The regulatory context arises from the historical framework of the Softwood Lumber Agreement between Canada and the United States, known as the 2006 Softwood Lumber Agreement (2006 SLA), which governed export charges and volume restraints on Canadian softwood lumber shipments to the United States. The agreement entered into force in 2006, was extended in 2013, and ultimately expired in October 2015. It included a standstill provision that temporarily prevented the United States from launching new trade actions for a limited period after expiry, which ended in 2016. Following the expiration, the United States initiated anti-dumping and countervailing duty investigations in 2016, leading to the imposition of duties beginning in 2017, that continue to affect trade relations. Disputes have since been pursued through international mechanisms, including the World Trade Organization (WTO), the North American Free Trade Agreement (NAFTA), and its successor the Canada-United States-Mexico Agreement (CUSMA).

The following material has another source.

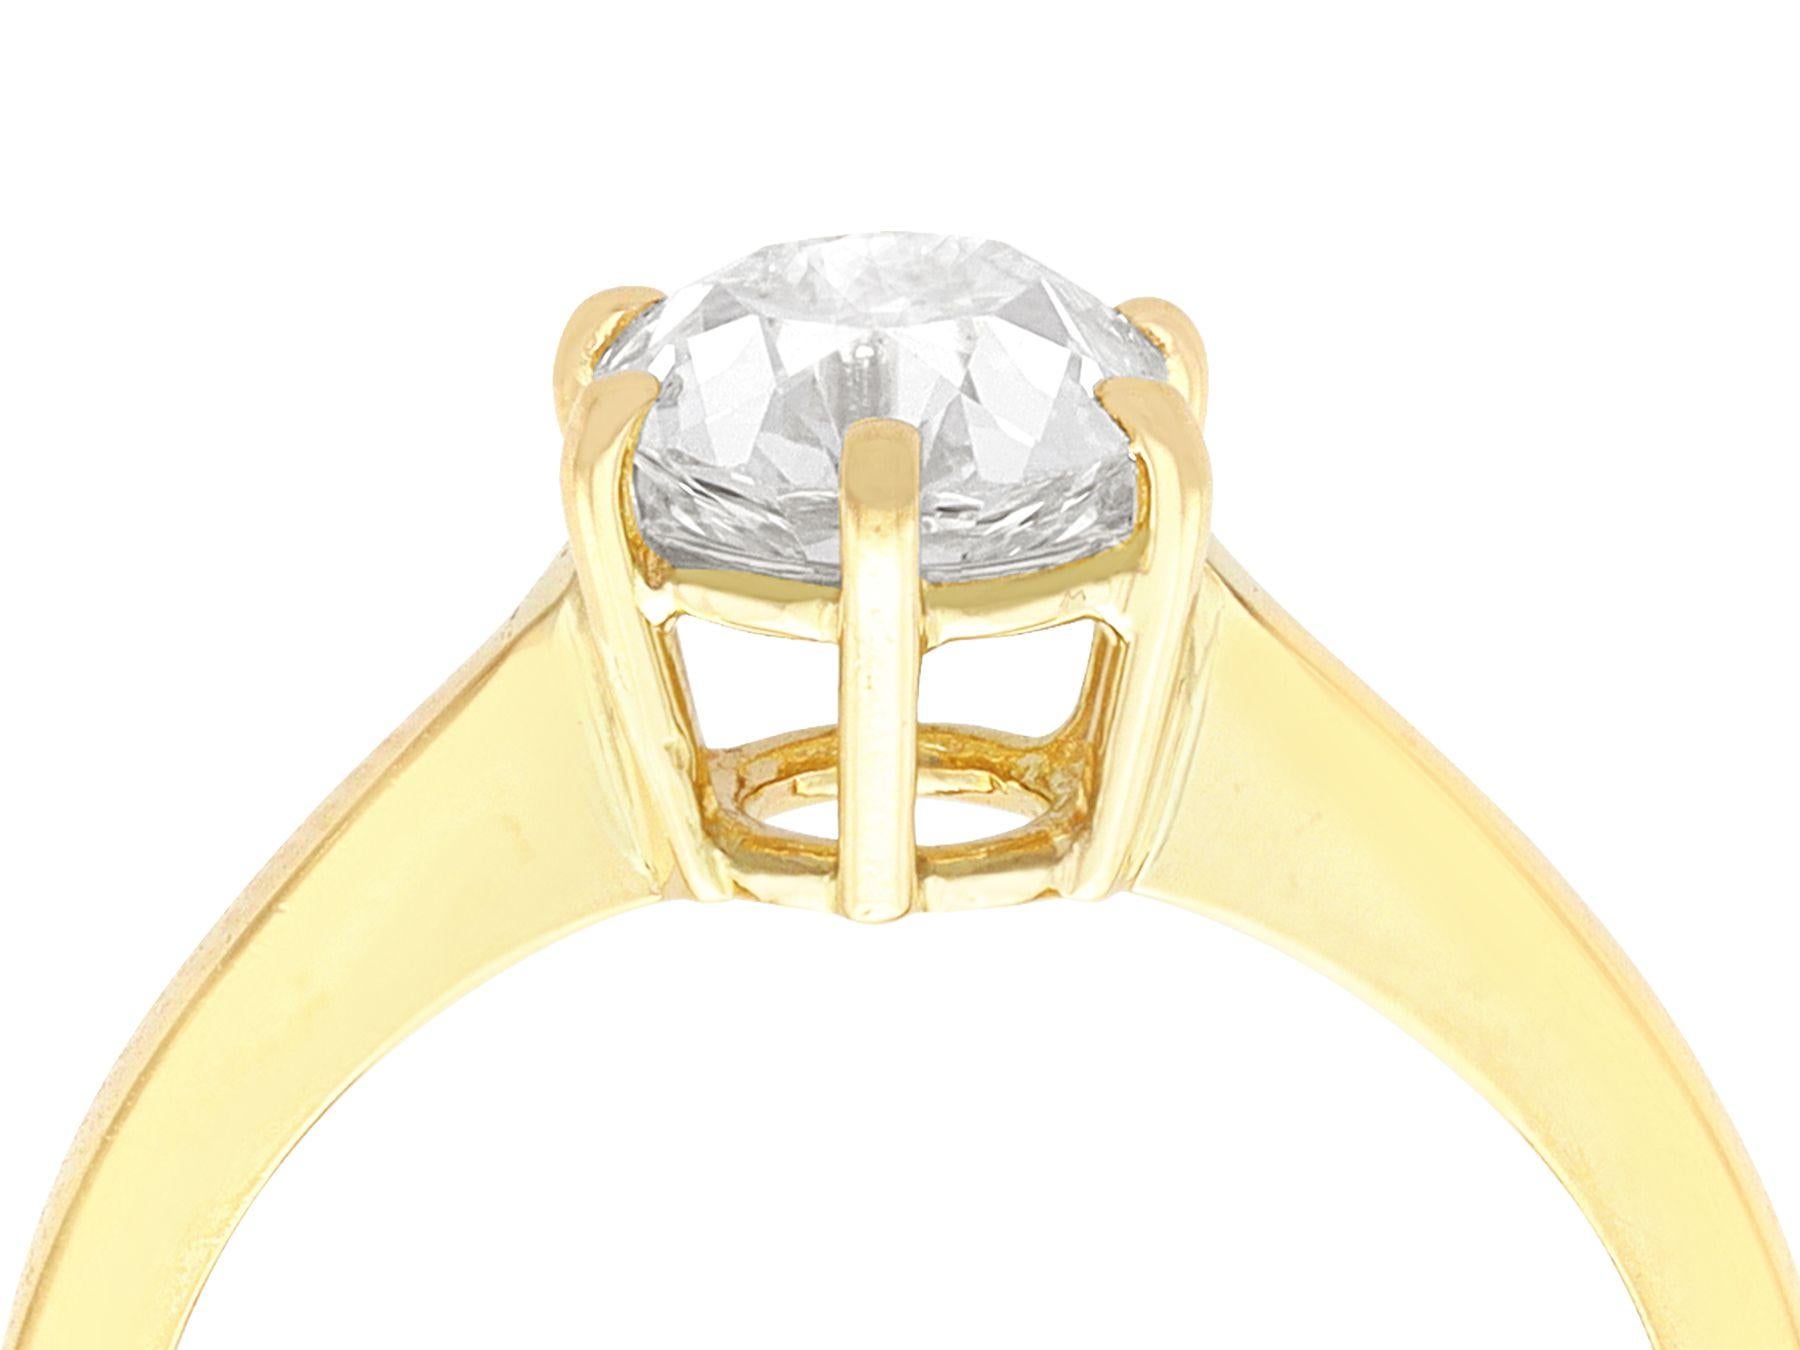 Eine atemberaubende, feine und beeindruckende 1,38 Karat Diamant und 18 Karat Gelbgold Solitär-Ring; Teil unserer vielfältigen Sammlung von viktorianischen Schmuck und Nachlass-Schmuck.

Dieser atemberaubende goldene Solitärring ist aus 18 Karat

The objective of the Repealing Regulations is to formally remove three outdated regulatory instruments that no longer have legal or practical effect due to the expiry of the underlying trade framework. By repealing these regulations, the Government of Canada ensures coherence within the federal regulatory system, reduces unnecessary complexity, and eliminates potential ambiguity regarding the application of export charge and volume restraint mechanisms that are no longer in force. The repeal also aligns with the Cabinet Directive on Regulation, which requires departments to maintain a regulatory stock that is efficient, relevant, and periodically reviewed for obsolescence. Although exporters of softwood lumber must still comply with export permitting requirements under the Export and Import Permits Act and associated regulations, they are no longer subject to export charges or quotas linked to the defunct agreement.

This regulatory amendment results from coordinated reviews conducted by the Canada Revenue Agency and Global Affairs Canada aimed at identifying obsolete or spent statutory instruments within the federal regulatory stock. The analysis determined that the three regulations repealed under SOR/2026-69 have no current operational effect, as the export charge and volume restraint mechanisms associated with Softwood Lumber Export Charge Act 2006 are no longer in use.